HPE treatment enhances tumor necrosis factor (TNF) and interleukin (IL)-6 secretion from L. pneumophila-infected macrophages
Previous work demonstrated that EGCg increased TNF, but not IL-6, secretion from L. pneumophila-infected macrophages (Matsunaga et al. 2001). We therefore hypothesized that sorghum polyphenols may also augment TNF secretion by L. pneumophila-infected macrophages. To test this hypothesis, we quantified TNF and IL-6 secretion from RAW cells infected with L. pneumophila (MOI of 1) and treated with the indicated concentrations of HPE or vehicle control for 6 h, 24 h or 48 h. Interestingly, we found HPE treatment resulted in a significant increase in TNF secretion from both L. pneumophila infected and uninfected RAW cells (*P < 0.05, **P < 0.01, Fig 4A). IL-6 secretion from uninfected RAW cells was significantly increased at 48 h post-treatment whereas L. pneumophila infected and HPE-treated RAW cells secreted more IL-6 at both 24 h and 48 h after treatment (*P < 0.05, **P < 0.01, Fig 4B). Thus, HPE enhances secretion of both TNF and IL-6 from RAW macrophages, and IL-6 secretion is further augmented by L. pneumophila infection.
Figure 4.
Influence of HPE on RAW 264.7 macrophages. ELISA to quantify (A) TNF and (B) IL-6 produced by RAW cells alone (left panel) or infected with L. pneumophila ∆flaA (moi of 1) (right panel) that were treated with either 0.625 mg/mL, 1.25 mg/mL HPE or vehicle for the indicated time points up to 48 h.
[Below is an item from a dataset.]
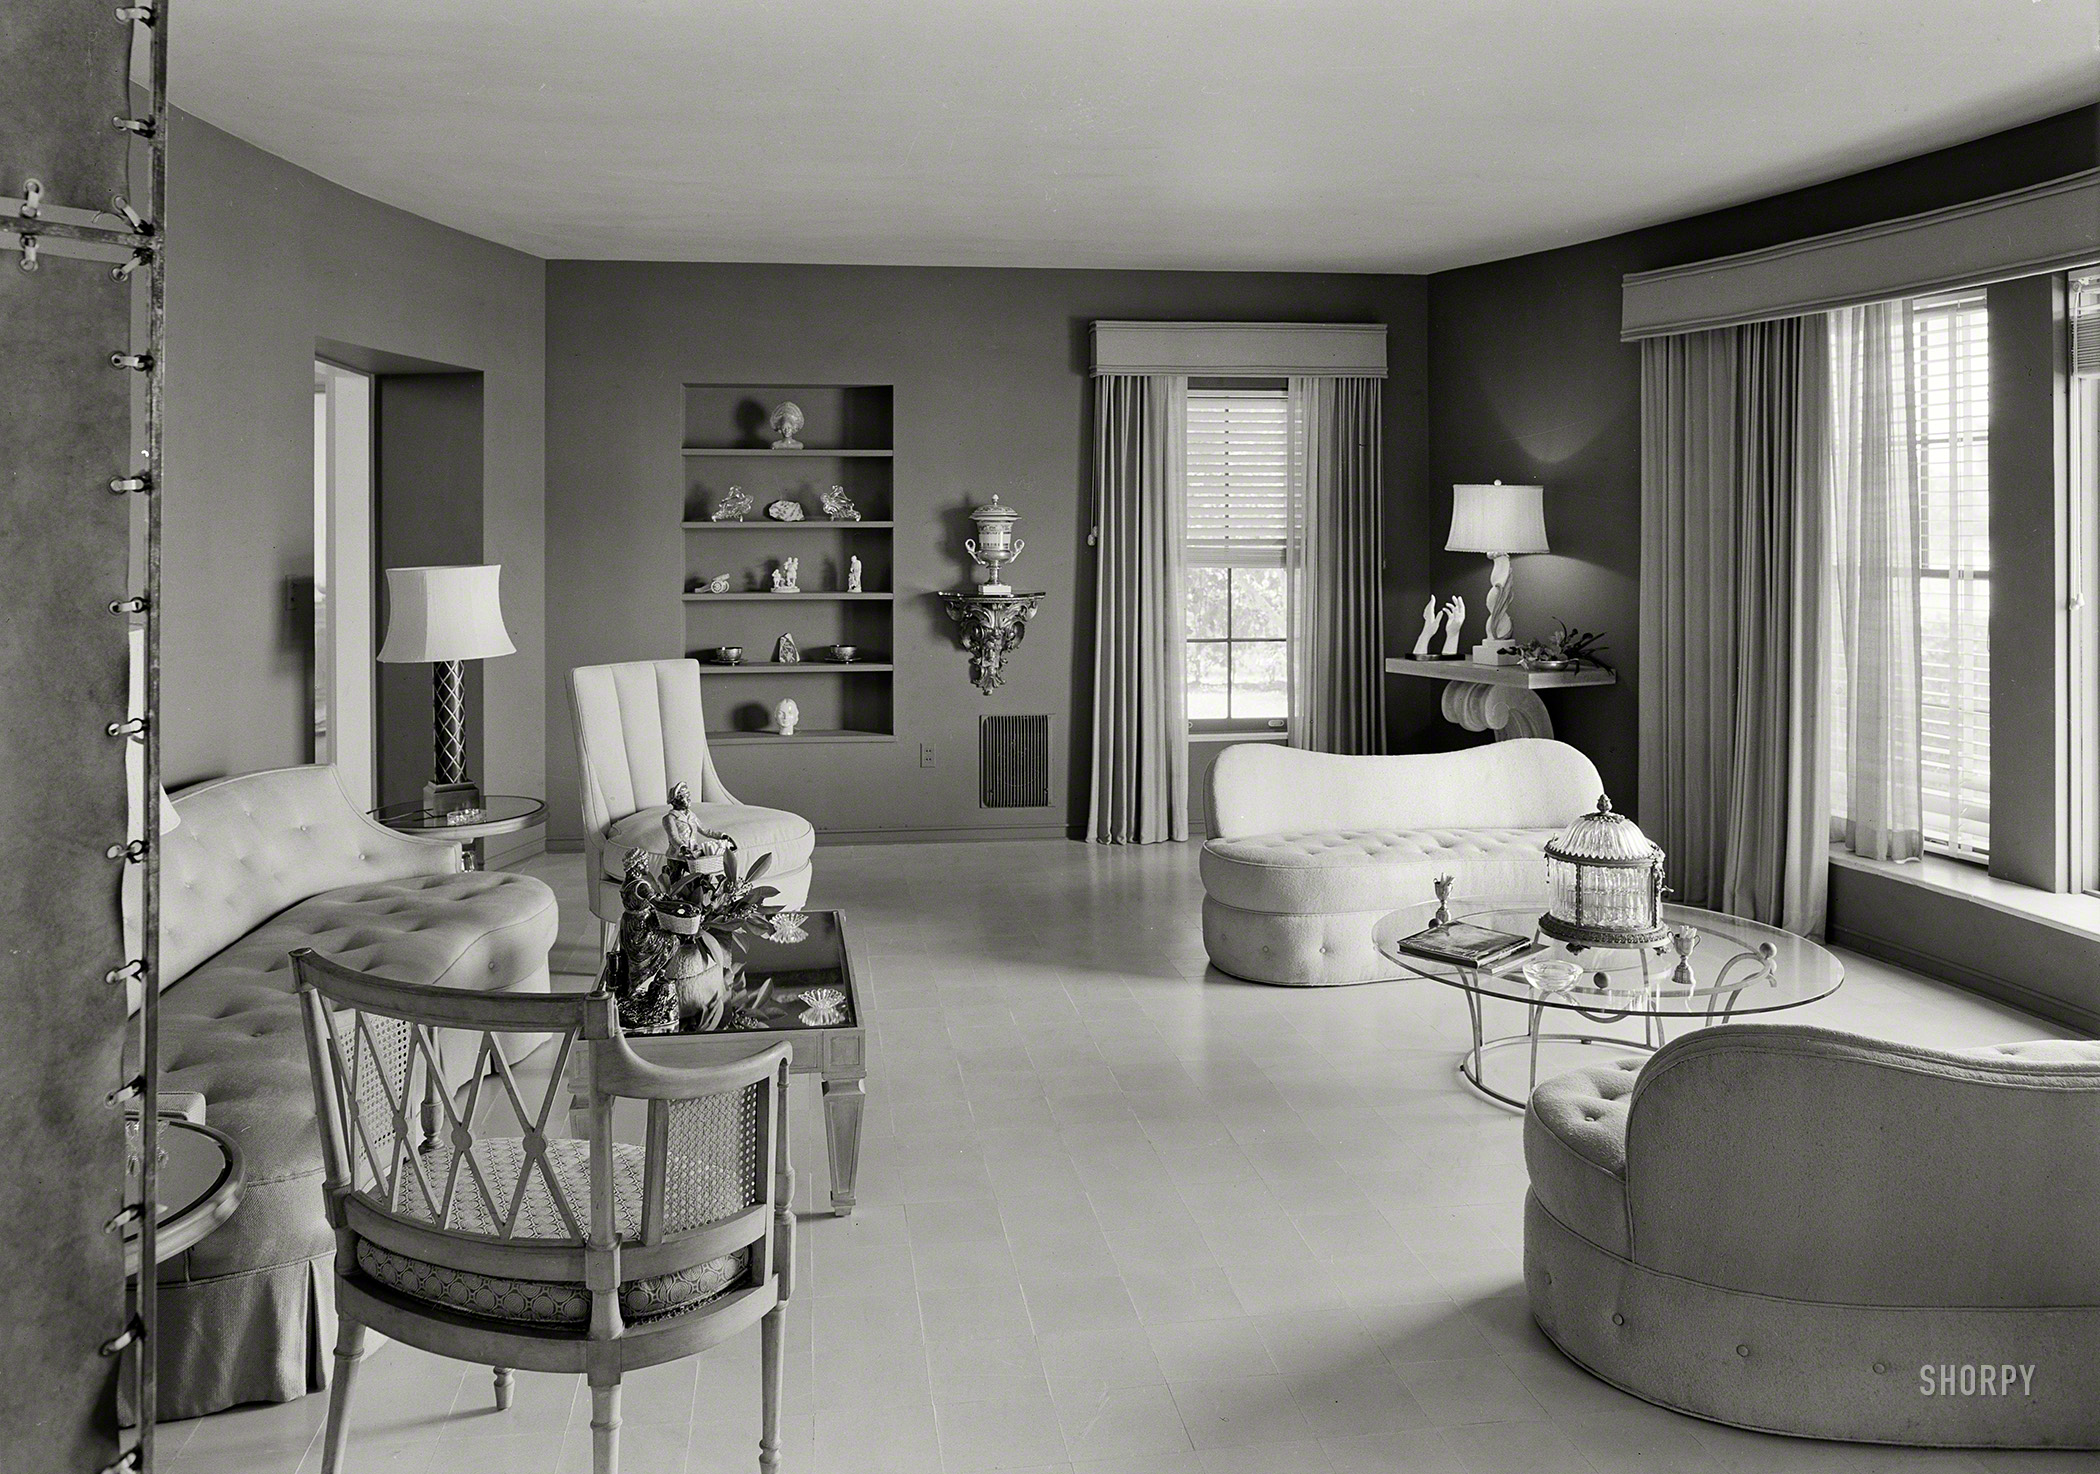 January 21, 1940. "Stephen A. Lynch Jr. residence, No. 3 Sunset Island, Miami Beach, Florida. Living room, general view. William Pahlmann, decorator; Robert Law Weed, architect." Gottscho-Schleisner photo. View full size.

Asterisks indicate statistical significance by Students’ t-test (*P < 0.05, **P < 0.01) compared to vehicle control. Data are shown as mean ± s.d. of samples in triplicates and are representative of three independent experiments.
DISCUSSION
In this study, we revealed that polyphenols from sorghum bran are capable of increasing macrophage restriction of L. pneumophila in culture. High-polyphenol extracts (HPE) attenuated L. pneumophila replication in a dose-dependent manner within macrophages but not in rich media in vitro. HPE treatment also resulted in enhanced clearance of the avirulent dotA::Tn strain, suggesting that HPE-treated macrophages actively eliminate intracellular L. pneumophila as opposed to stalling replication. We discovered that HPE enhances production of both TNF and IL-6 secretion from RAW 264.7 cells infected with L. pneumophila. Although IL-6 secretion was not increased by EGCg-treated macrophages, this may be due to cell line specific effects since the previous study was performed in the MH-S alveolar macrophage cell line (Matsunaga et al. 2001). However, these data together collectively suggest that upregulation of cytokine secretion is a potentially ubiquitous mechanism by which polyphenols attenuate L. pneumophila.
Sorghum polyphenols comprise a family of compounds with diverse chemical structures and biological activities. The major components of sorghum polyphenols are tannins, phenolic acids and flavonoids, all of which have documented health benefits (Awika and Rooney 2004). Our work demonstrates a role for polyphenols in bacterial restriction, but the specific component(s) of the extract responsible for this activity is unknown. Since EGCg is a flavonoid, it is possible that sorghum contains analogous flavonoids that function similarly since several sorghum genotypes produce relatively high levels of flavonoids compared to other crops (Dykes et al. 2009). This hypothesis is further supported by similar increases in cytokine secretion induced by sorghum and EGCg polyphenols. However, the component(s) of sorghum polyphenol extracts responsible for enhanced macrophage killing will be the subject of future investigation.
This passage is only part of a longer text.